Erosion (or exulceration): loss of flat-bottomed surface substance, healing without scarring.

Ulceration: loss of deeper substance, reaching the dermis or even the hypodermis, with more or less regular edges, healing leaving a scar.

The ulcer is a loss of chronic substance with no tendency to heal. On the lower limbs, it is often of vascular origin.

The crack is a linear erosion or ulceration, sitting preferentially in a crease, or in the palms and plants. The pearl is a crack in the labial cracks.

The bedsores is a necrosis secondaryly ulcerated at the pressure point (supportischemia).

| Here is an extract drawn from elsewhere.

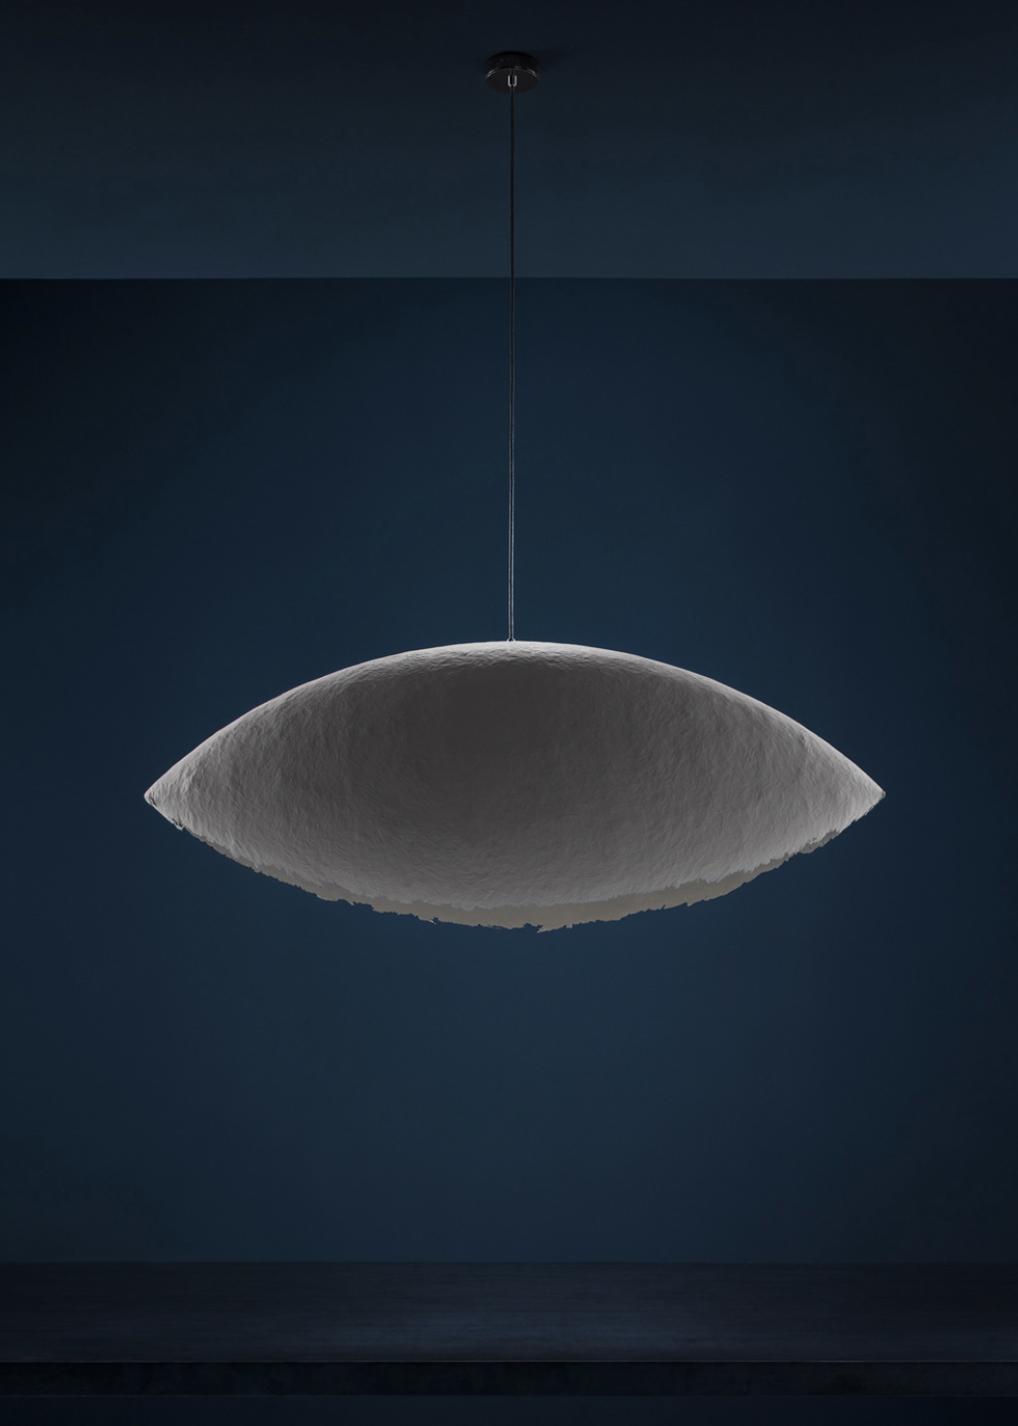 PostKrisi 50 / 51 / 52 Pendant Lamp

Canker is erosion or ulceration to the point of inoculation of a contagious infection

Skin tumours:


Many dermatoses consist of a combination of primitive or secondary elementary lesions characteristic of these conditions:

VI- Conclusion:

Dermatoses are very varied and widespread. Their diagnosis is based on a well-conducted interrogation and a good clinical examination whose critical time is a thorough and methodical inspection carried out under good conditions.

The purpose of this examination is to identify the elementary lesion whose analysis and possible confrontation with the data of paraclinical explorations (histology, immunofluorescence, etc.) will enable an accurate diagnosis to be established and to establish a adequate treatment.